BERT-BankingClassifier
This model is a fine-tuned version of google-bert/bert-base-uncased on an unknown dataset. It achieves the following results on the evaluation set:
- Loss: 0.2867
- Accuracy: 0.9326
Model description
This model is a BERT (bert-base-uncased) model fine-tuned using the Banking77 dataset for text classification tasks. Banking77 is a dataset designed to categorize customer support messages in the banking and finance domain into 77 distinct categories. This model is specifically tailored for classifying customer complaints and inquiries in the banking sector, helping to assign messages to the correct categories effectively.
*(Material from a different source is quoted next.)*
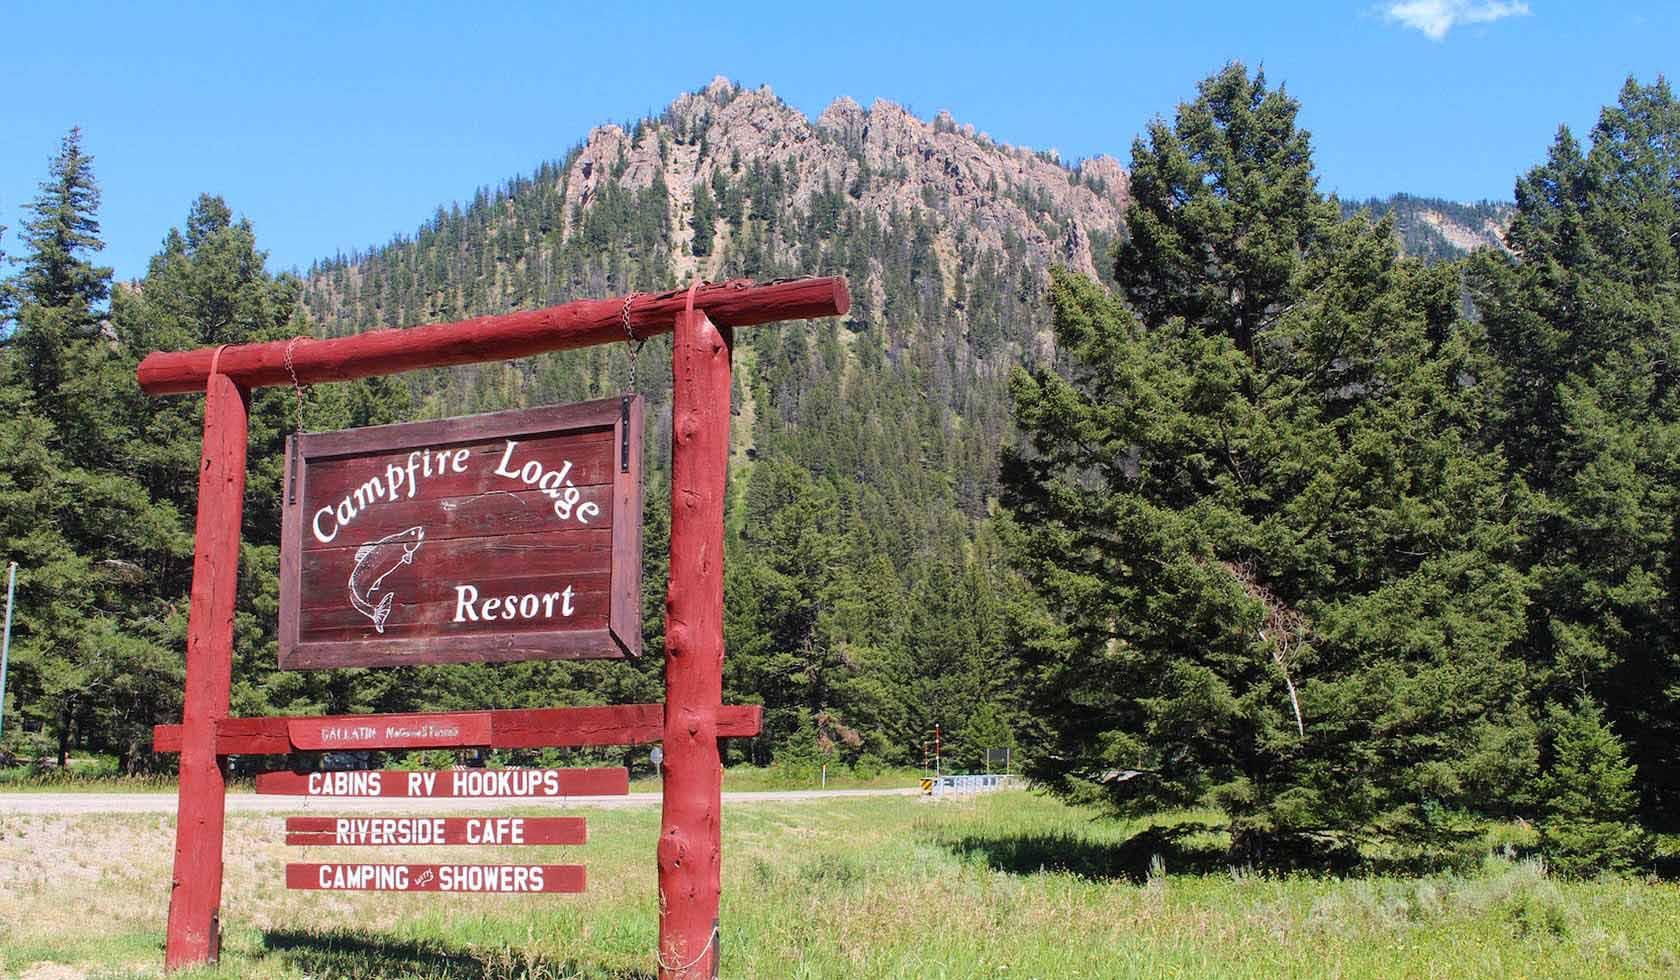 Campfire Lodge Resort, Inc. profile image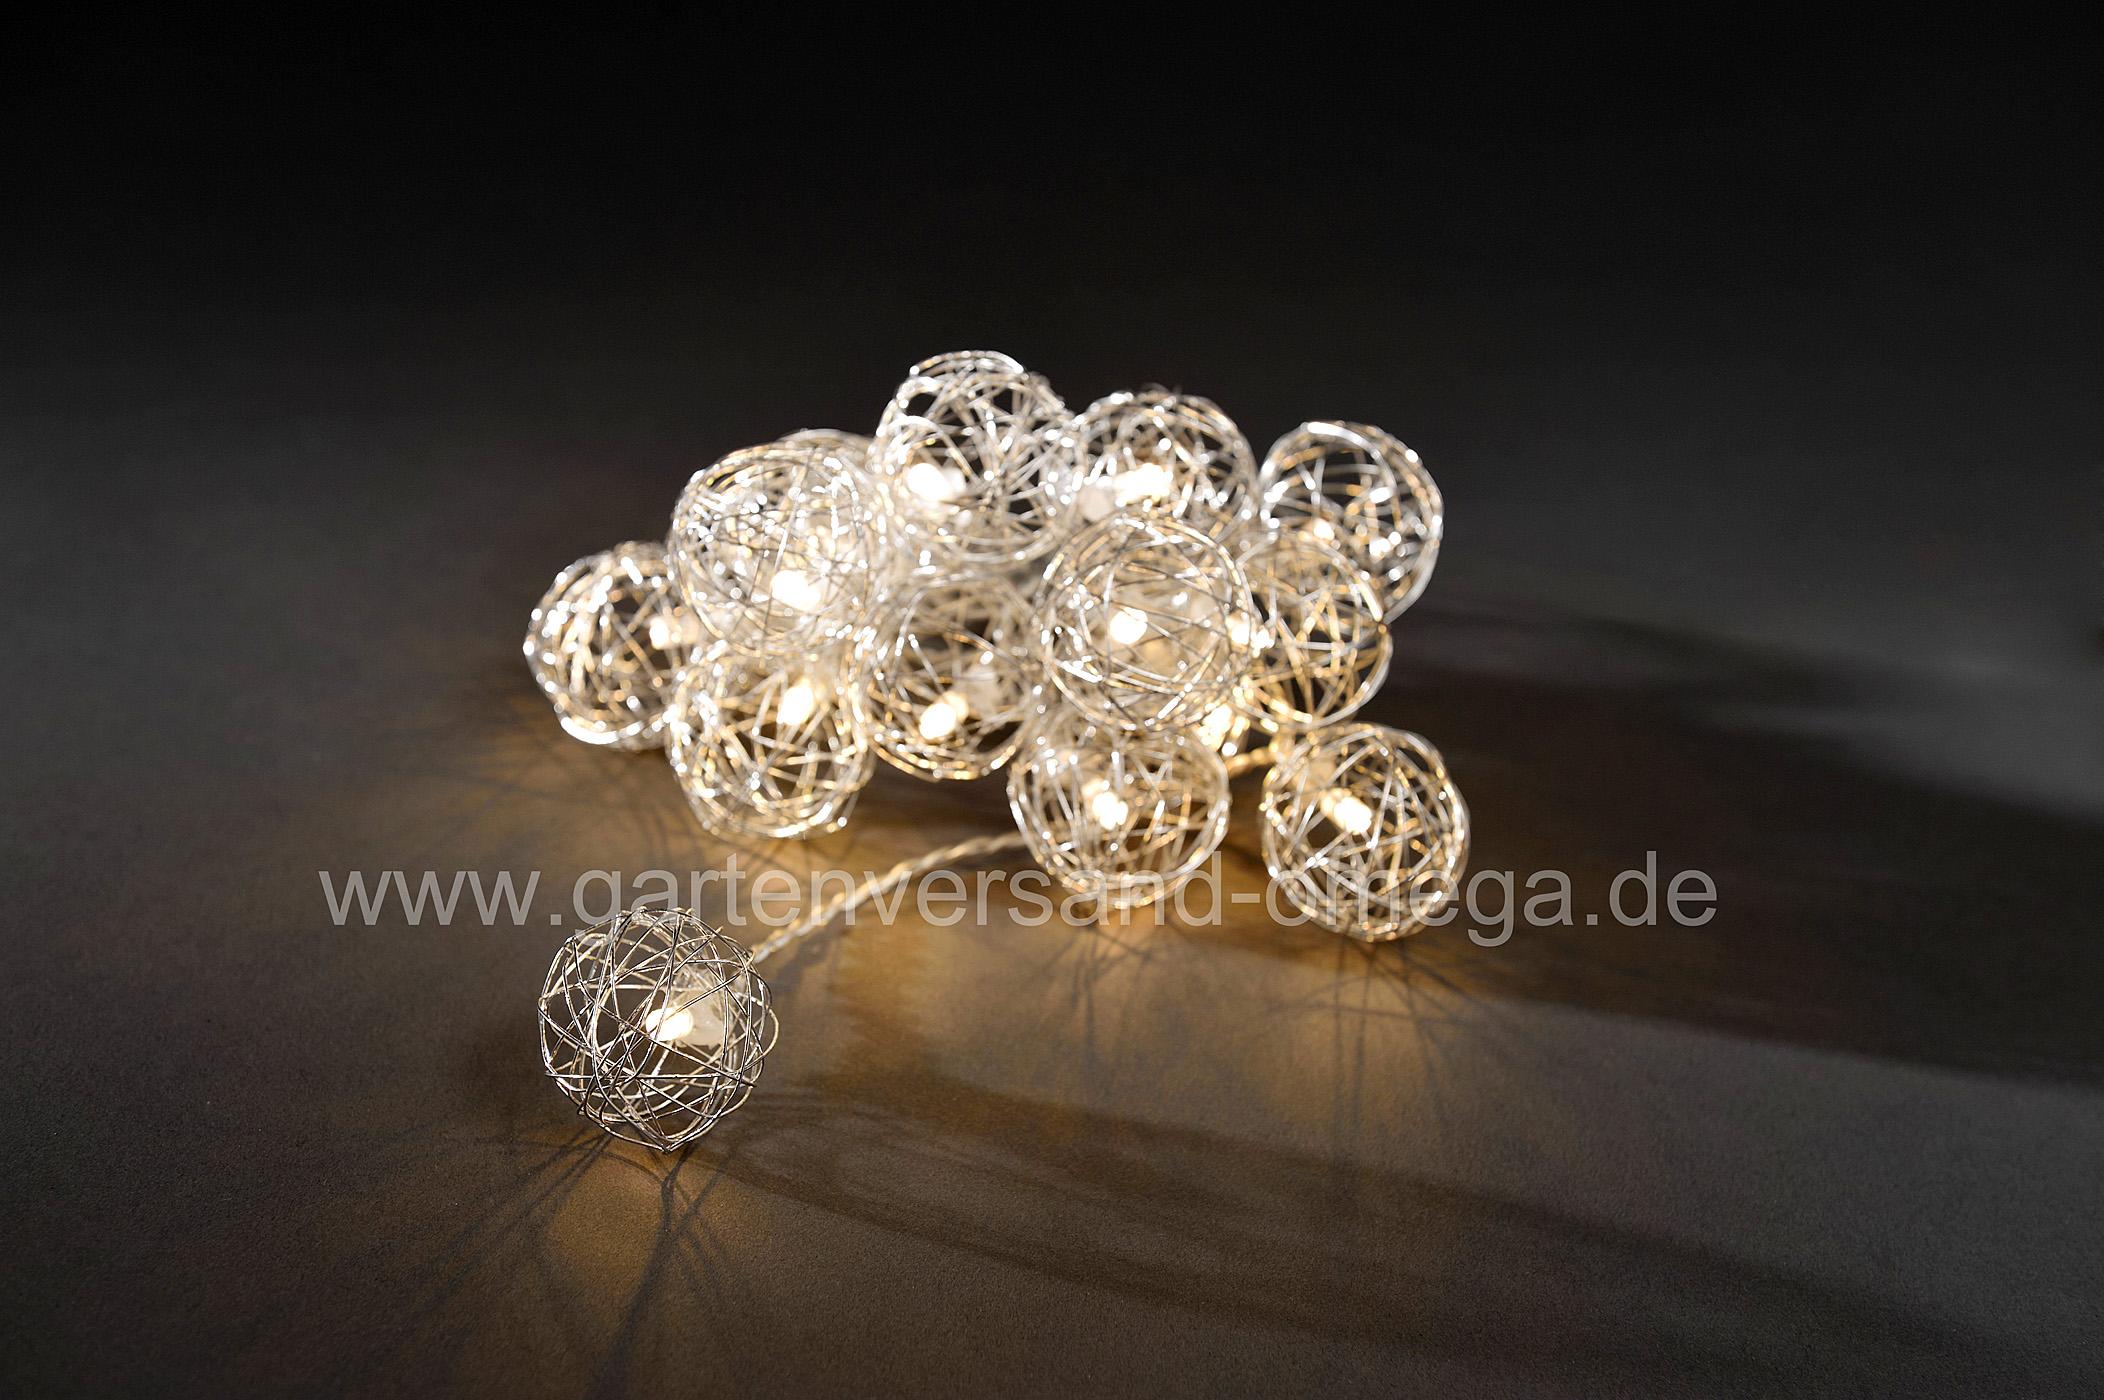 led lichterkette mit aluminium drahtkugeln weihnachtsdeko drahtkugeln weihnachtslichterkette. Black Bedroom Furniture Sets. Home Design Ideas

Fine-Tuning Process : https://github.com/saribasmetehan/bank_administrative_assistant/blob/main/BERT_BankingClassifier.ipynb
Label Index | Intent Category |
---|---|
0 | activate_my_card |
1 | age_limit |
2 | apple_pay_or_google_pay |
3 | atm_support |
4 | automatic_top_up |
5 | balance_not_updated_after_bank_transfer |
6 | balance_not_updated_after_cheque_or_cash_deposit |
7 | beneficiary_not_allowed |
8 | cancel_transfer |
9 | card_about_to_expire |
10 | card_acceptance |
11 | card_arrival |
12 | card_delivery_estimate |
13 | card_linking |
14 | card_not_working |
15 | card_payment_fee_charged |
16 | card_payment_not_recognised |
17 | card_payment_wrong_exchange_rate |
18 | card_swallowed |
19 | cash_withdrawal_charge |
20 | cash_withdrawal_not_recognised |
21 | change_pin |
22 | compromised_card |
23 | contactless_not_working |
24 | country_support |
25 | declined_card_payment |
26 | declined_cash_withdrawal |
27 | declined_transfer |
28 | direct_debit_payment_not_recognised |
29 | disposable_card_limits |
30 | edit_personal_details |
31 | exchange_charge |
32 | exchange_rate |
33 | exchange_via_app |
34 | extra_charge_on_statement |
35 | failed_transfer |
36 | fiat_currency_support |
37 | get_disposable_virtual_card |
38 | get_physical_card |
39 | getting_spare_card |
40 | getting_virtual_card |
41 | lost_or_stolen_card |
42 | lost_or_stolen_phone |
43 | order_physical_card |
44 | passcode_forgotten |
45 | pending_card_payment |
46 | pending_cash_withdrawal |
47 | pending_top_up |
48 | pending_transfer |
49 | pin_blocked |
50 | receiving_money |
51 | refund_not_showing_up |
52 | request_refund |
53 | reverted_card_payment |
54 | supported_cards_and_currencies |
55 | terminate_account |
56 | top_up_by_bank_transfer_charge |
57 | top_up_by_card_charge |
58 | top_up_by_cash_or_cheque |
59 | top_up_failed |
60 | top_up_limits |
61 | top_up_reverted |
62 | topping_up_by_card |
63 | transaction_charged_twice |
64 | transfer_fee_charged |
65 | transfer_into_account |
66 | transfer_not_received_by_recipient |
67 | transfer_timing |
68 | unable_to_verify_identity |
69 | verify_my_identity |
70 | verify_source_of_funds |
71 | verify_top_up |
72 | virtual_card_not_working |
73 | visa_or_mastercard |
74 | why_verify_identity |
75 | wrong_amount_of_cash_received |
76 | wrong_exchange_rate_for_cash_withdrawal |
Example
from transformers import pipeline, AutoTokenizer
text = "i forgot my PIN"
model_id = "saribasmetehan/BERT-BankingClassifier"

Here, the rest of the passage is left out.